Лев Александрович открыл глаза. Взгляд Корсакова был уже другим – острым, сфокусированным, живым, в нем зажегся тот самый огонь, который Ирина тщетно искала всего час назад. Он снова посмотрел на фотографию запечатанного лица. На карточку. На дату. Теперь это были не просто улики. Это были слова.
– Ладно, – тихо, но четко, с новой, рождающейся силой прошептал Корсаков наступающую, уже не всесильную тишину. Голос его обрел металл, сталь, которую не смогли сточить годы. – Покажи мне, что ты хочешь сказать. Я слушаю.
Его профессиональное «я», похороненное заживо в этих катакомбах из бумаги и забвения, подало первый, уверенный признак жизни. Цепь сброшена.
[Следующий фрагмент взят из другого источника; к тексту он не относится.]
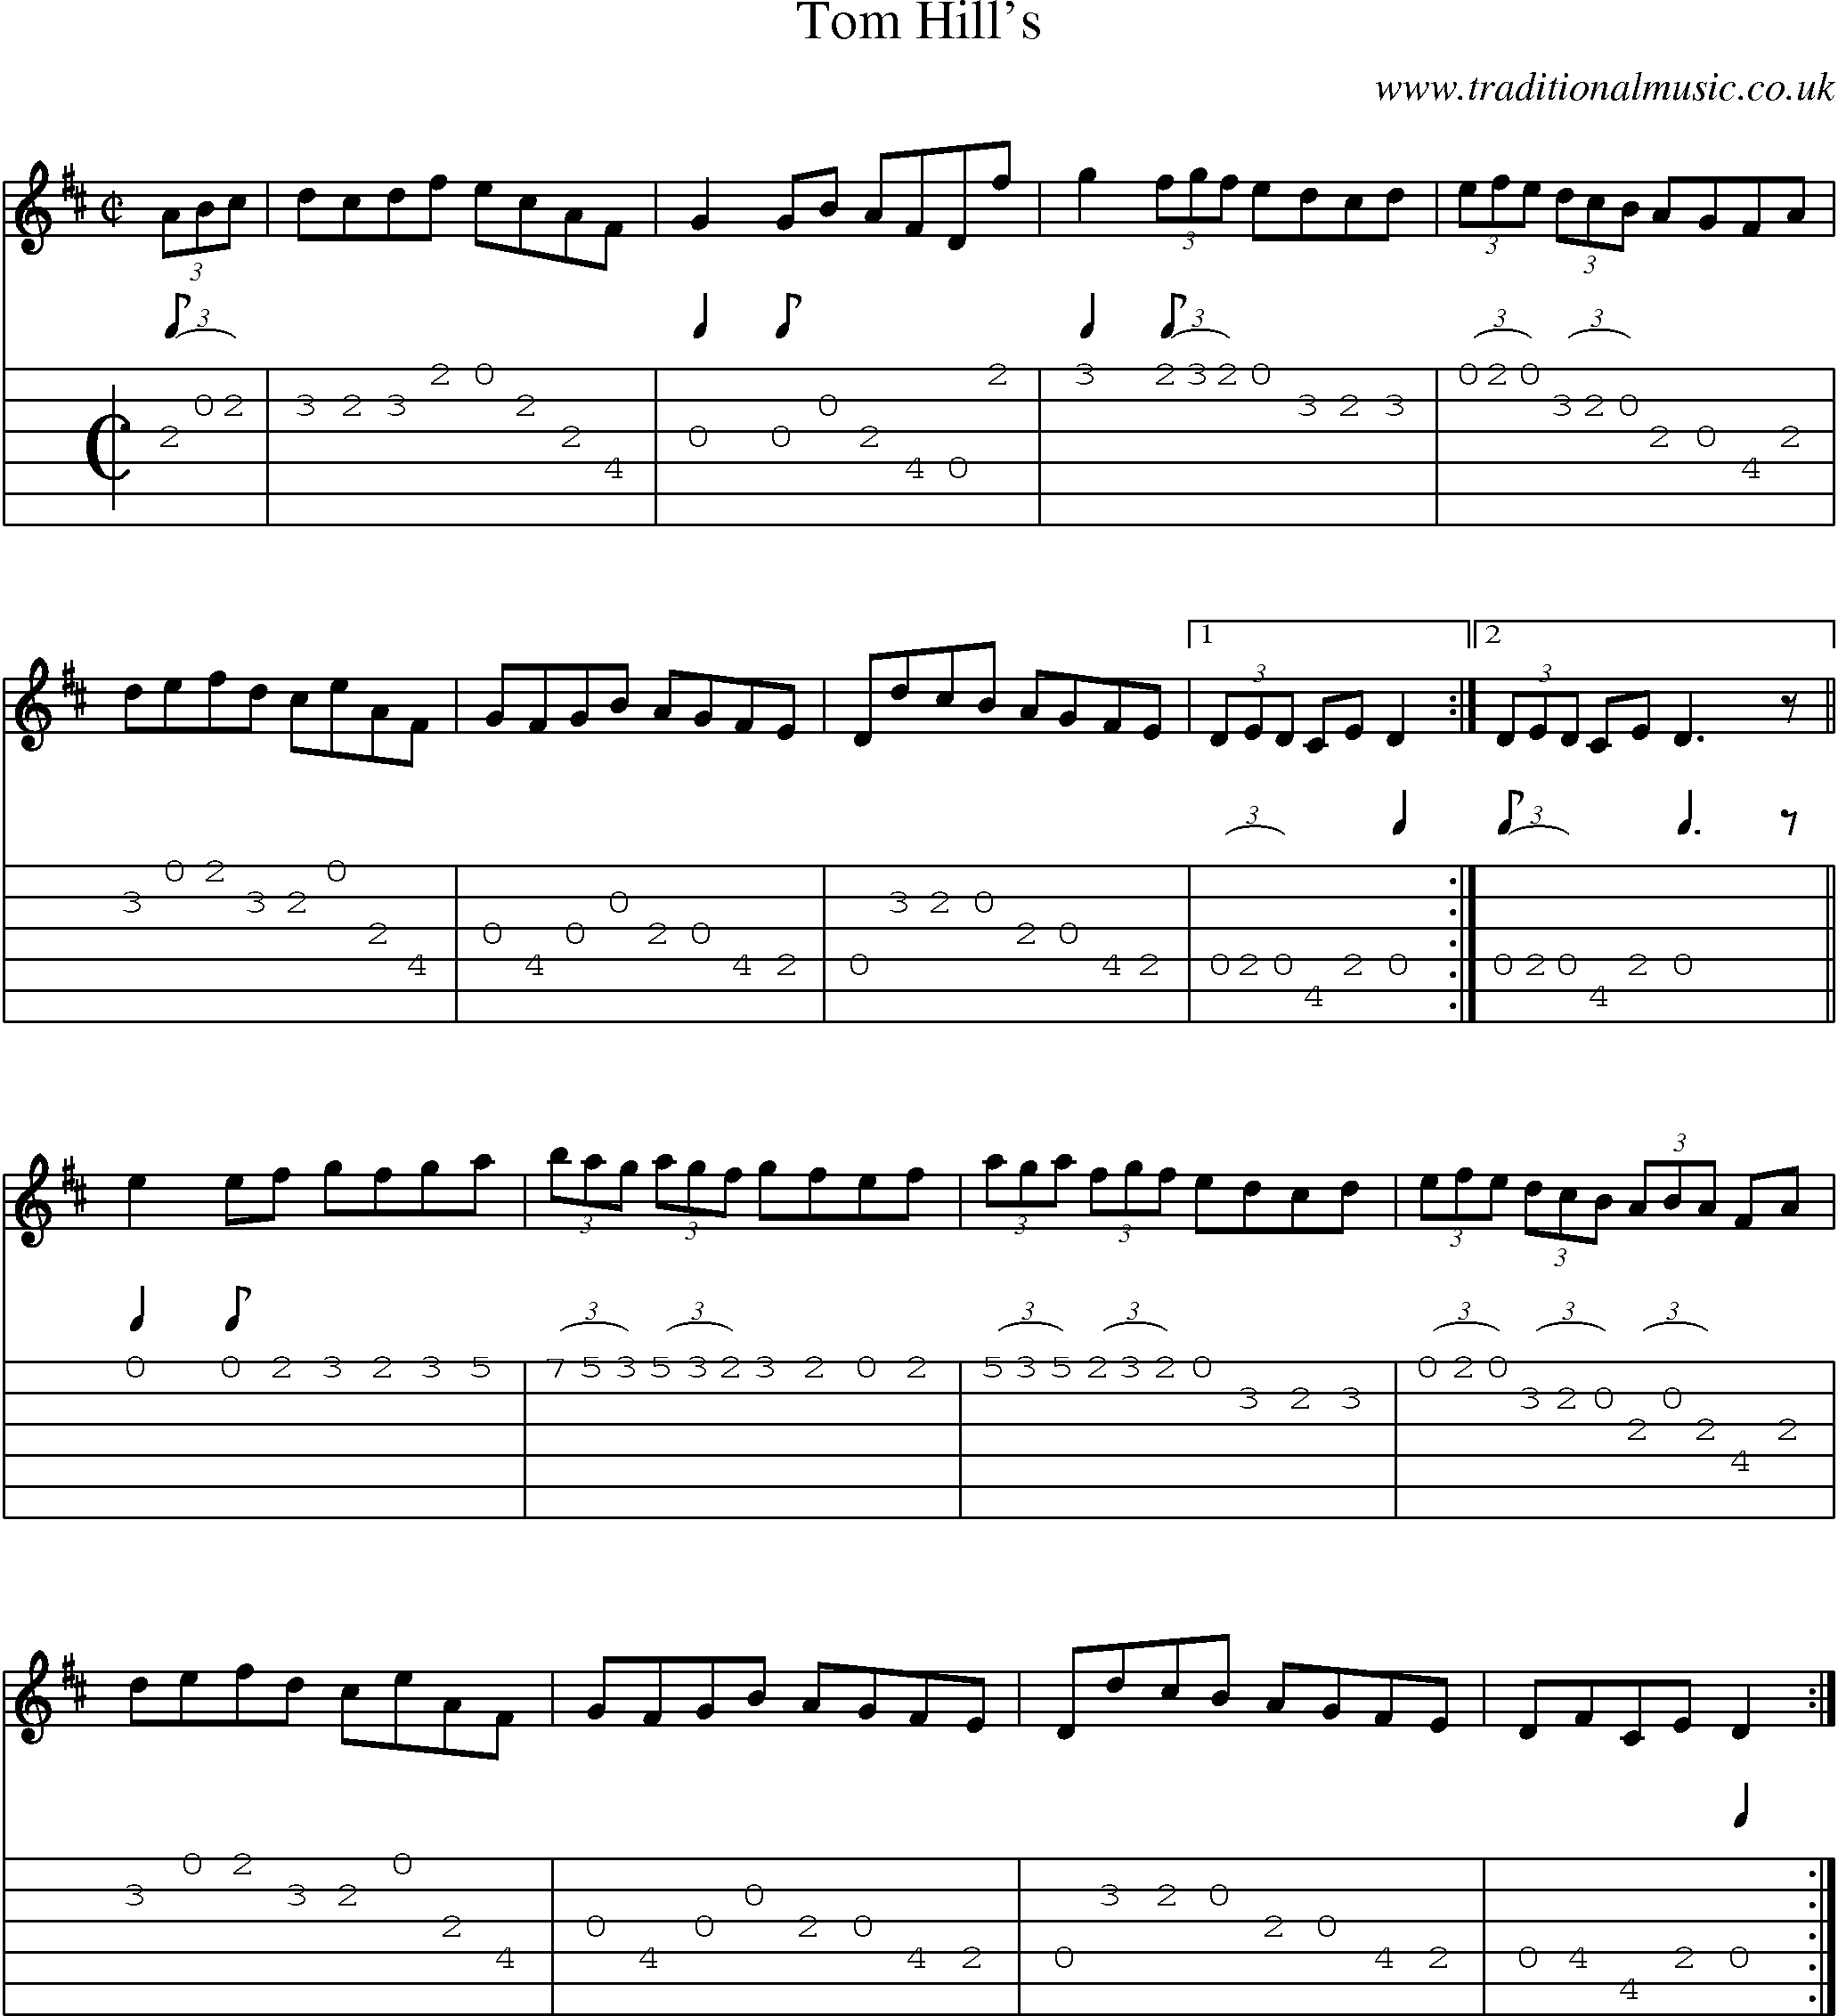 Music Score and Guitar Tabs for Tom Hills
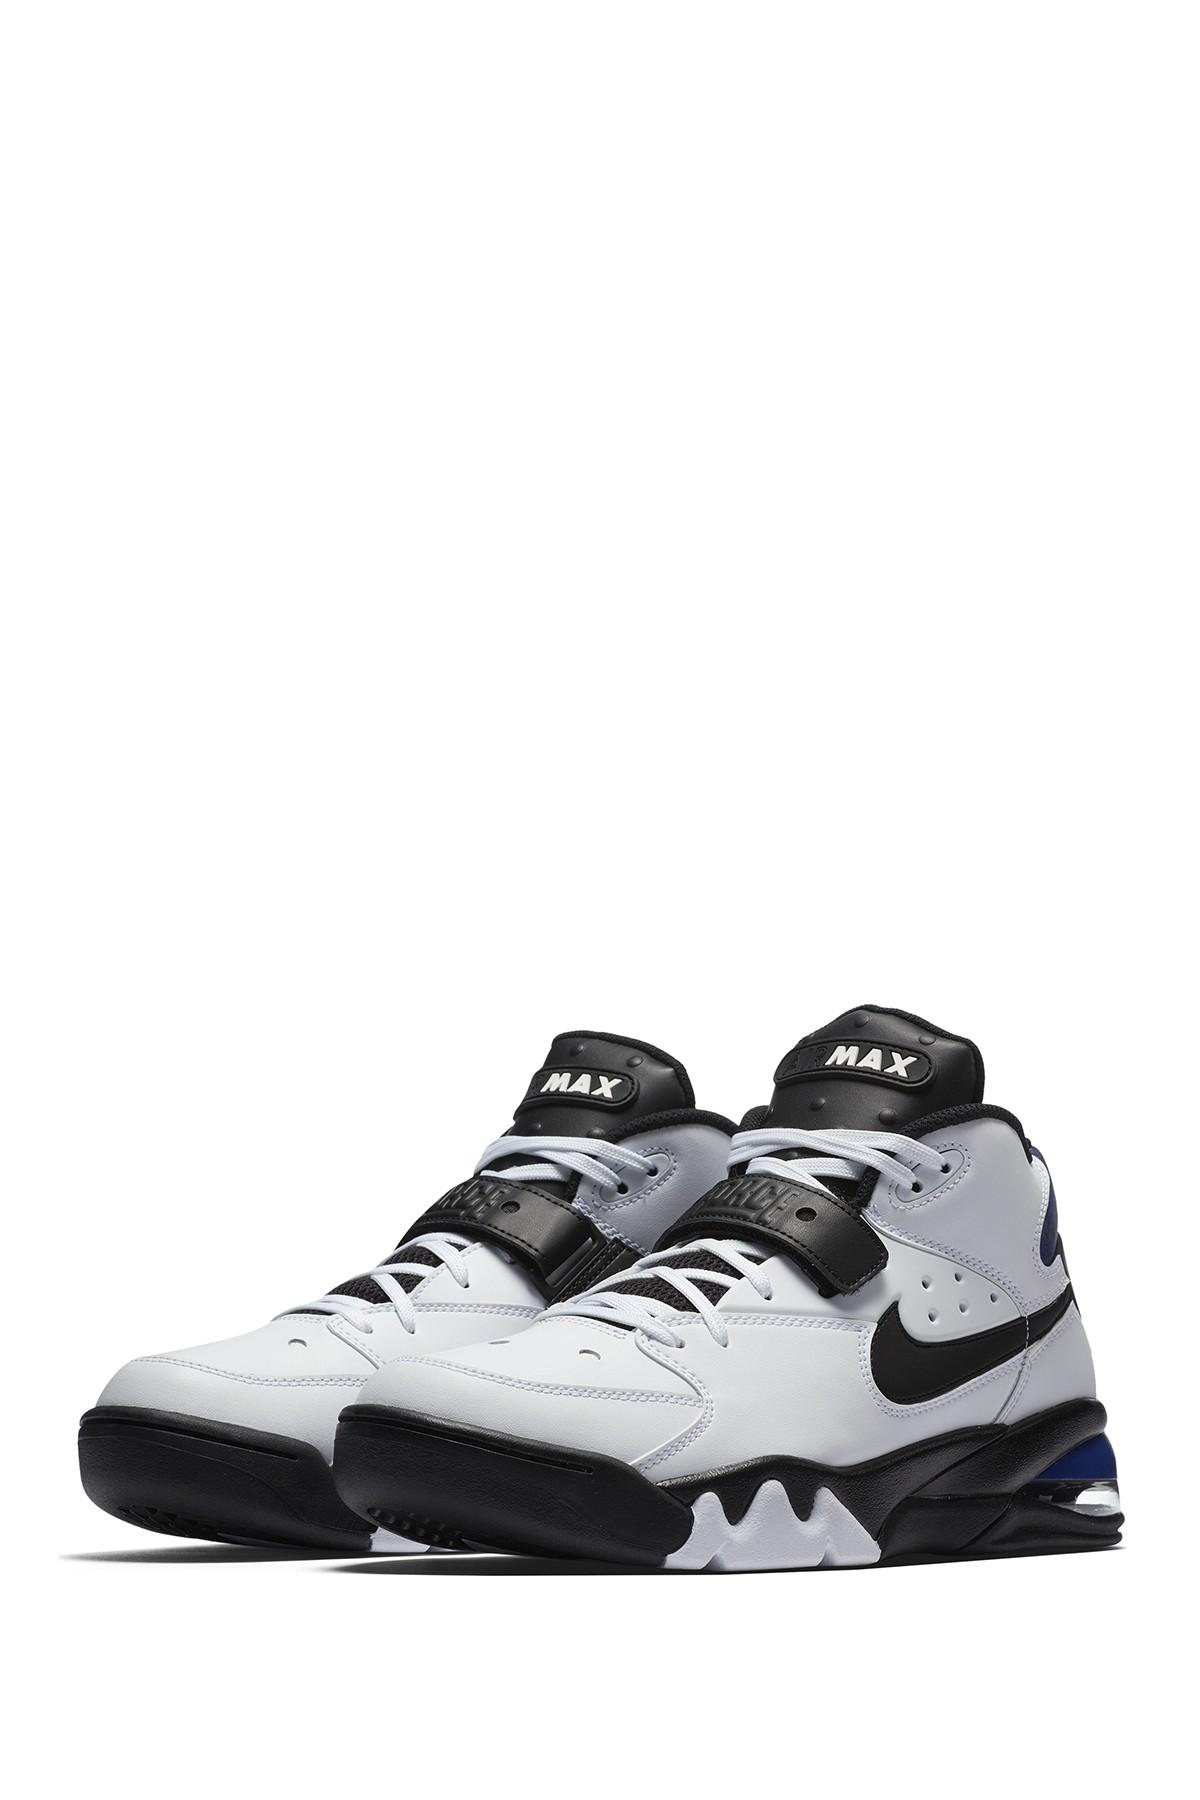 Nike Leather Air Force Max 93 Sneaker in Black for Men - Lyst

Охота началась.
Глава 2
Эмпатия к мертвецу
Ультиматум смотрителя
Рассвет в «Городе Бумаг» был не явлением света, а лишь ослаблением тьмы, разбавлением черной туши до оттенка мокрого асфальта. Серая, безжизненная муть лениво просачивалась в высокие, зарешеченные и покрытые вековой пылью оконные витражи, превращая монументальные стеллажи в размытые, призрачные силуэты, в исполинские надгробия закопанных слов и забытых истин. В этой предрассветной тишине, пахнущей старой бумагой, влажным холодом и тоской неизбывного одиночества, Лев Корсаков стоял перед Ириной Сомовой. Его лицо, освещенное косыми, падающими под углом лучами блеклого света, было похоже на старую, потрескавшуюся фреску, сквозь которую внезапно, как сквозь толщу лет, проглянула живая, незнакомая ей и потому пугающая, почти чужая боль.
– Я согласен, – произнес Лев Александрович, и слова его прозвучали низко, хрипло, как скрип ржавых, много лет не открывавшихся петель ворот, которые, казалось, уже навеки срослись с каменной кладкой. – Но не помогать тебе. Смотреть. Видеть. Читать.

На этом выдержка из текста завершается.